Angel Wing Begonia

Angel wing begonia house plants are gorgeous year-round. Even when not in bloom, the elegantly shaped begonia leaves cascading down cane-like stems are beautiful. Often spotted with white, the big, glossy green leaves feature reddish undersides.

Here you'll discover care tips for growing angel wing begonias indoors, how to head off houseplant problems, plus suggestions for top angel begonia varieties.

angel wing begonia, begonia house plantAngel Wings are beautiful, even without flowers. Put them on a pedestal stand to show them off.

Get to Know Your Angel Wing Begonia

Grown more for foliage than flowers, angel wings are among the most eye-catching houseplants you can grow. These beauties are evergreen, adding dazzling style to your home all year long. 

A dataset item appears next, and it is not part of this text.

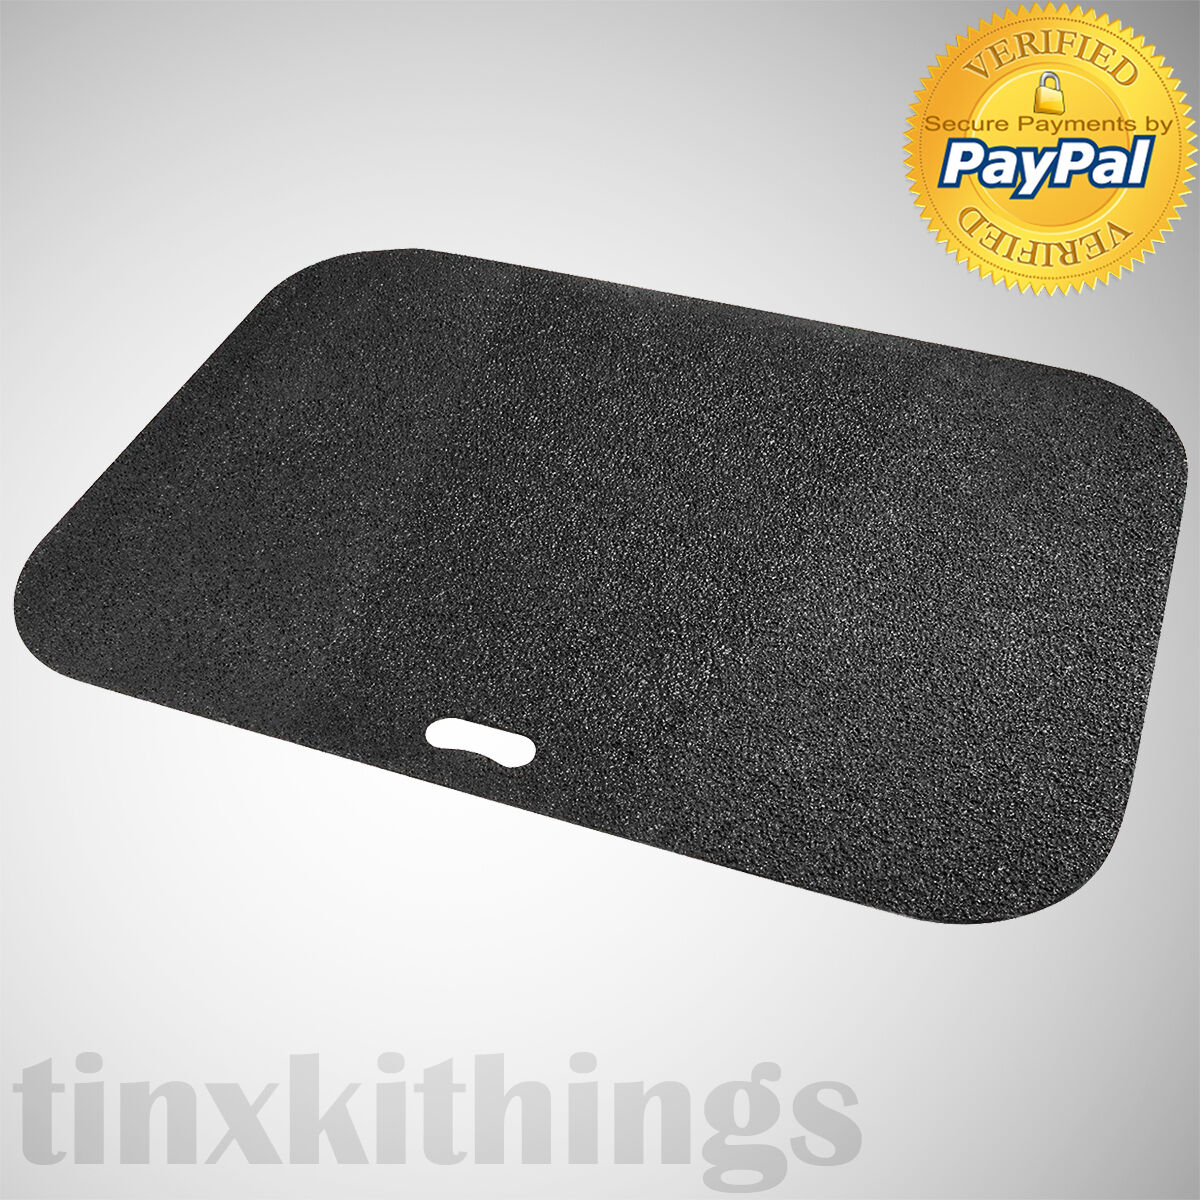 Large Grill Pad Mat Rectangle Outdoor Composite Deck Protect Decking regarding measurements 1200 X 1200

The sprays of delicate flowers are just an added attraction. Bloom time is different for each variety, but most angel wing begonias flower in late winter or spring, with some giving a show of blooms several times throughout the year. Flower colors range from soft pink to coral to deep red.

Care is easy, too. This is one of the easiest begonias to grow indoors. Much less fussy about humidity than rex begonias, this member of the family is less challenging to grow.

Angel wing begonias are perennials and will last several years with good care. They do have a tendency to get leggy over time. It's a good idea to propagate your houseplant by taking stem cuttings (see "How to Propagate" below). It's an easy way to keep your collection going.

The begonia family owes its name to Frenchman Michel Begon. It includes more than 900 species and thousands more hybrids and cultivars.

How big do they get? Some angel wing begonias reach a height up to 3 ft (90 cm). Want a small table plant? Look for dwarf varieties that grow to 1 ft (30 cm) tall. 

Angel wing begonia has origins in South America, but those grown and sold today are Begonia x corallina hybrids, producing bigger flowers and more of them.

There are many named varieties to choose. Among the best for growing indoors are 'Bubbles' -- a compact cultivar that blooms nearly year-round...colorful 'Cracklin Rosie' features reddish foliage spotted with rose-pink...'Looking Glass' has stunning silvery green leaves with red undersides.

Caring for Angel Wings Year-Round

Repot in spring. Move your plant up to a pot only 1 size larger. Angel wing begonias have fibrous roots and grow best when slightly pot-bound. Set the plant with its crown slightly above the soil line to prevent stem rot. Tamp down the soil gently with your fingers so that it doesn't pack too tightly -- begonias like a little air around their roots. 

Don't overwater. This is probably the only common problem with growing begonias. Using a small pot with a drainage hole will help to prevent overwatering. Allow the soil to dry out slightly between waterings. The beautiful angel-winged leaves will let you know when the soil is too soggy by turning yellow and dropping off.

Watch for yellow halos on leaves. They're a sign of leaf spot -- a bacteria that grows in a moist, cool environment. Cut off affected leaves and be sure your plant has air circulation around it. However, keep it away from heat/AC vents.

Something bugging your begonia? Thrips, spider mites and mealybugs are attracted to houseplants. Treat any infestation right away.

Deadhead spent flowers. Cut off flowers after they dry up. Deadheading not only keeps your begonia good-looking, it encourages more blooms.

How to Propagate Angel Wing Begonias

Stem cuttings root easily. Spring or early summer is the best time to propagate angel wing begonias because they are beginning their most vigorous time of growth.

Cut off 3-4 inch (8-10 cm) non-flowering stem tip cuttings. Dip the cut ends in a small amount of rooting hormone powder, then stick them in a 4-inch (10 cm) pot of moist perlite. Keep cuttings at room temperature, in indirect sunlight, and lightly moist. Your new cutting should root in about 4 to 6 weeks.

angel wing begonia, angel begonia

Angel Wing Begonia Care Tips

Light: Give your angel begonia plenty of bright, indirect light. You'll get the best leaf color and more flowers this way.

Water: Water thoroughly, allowing the top 1 in (2.5 cm) of soil to dry out between waterings. Water sparingly in winter. Yellow leaves are a symptom of soggy soil.

Humidity: This (mostly) foliage-type begonia is tolerant of average room humidity.  However, if the air in your home is dry, use a pebble tray or room humidifier to give it a boost. Grouping tropical plants such as begonias, ferns and orchids also helps to increase the moisture in the air around them. Misting begonias is not a good idea because it can promote powdery mildew and fungal diseases.

Temperature: Average room temperatures 65-75°F/18-24°C suit this tropical native year-round. Begonias are not cold-tolerant and can be damaged by temperatures below 55°F/13°C.

Soil: African violet potting mix

Fertilizer: Feed every 2 weeks in spring and summer with high-phosphorous liquid fertilizer diluted by half. Take care to fertilize when the soil is already moist to avoid fertilizer burn.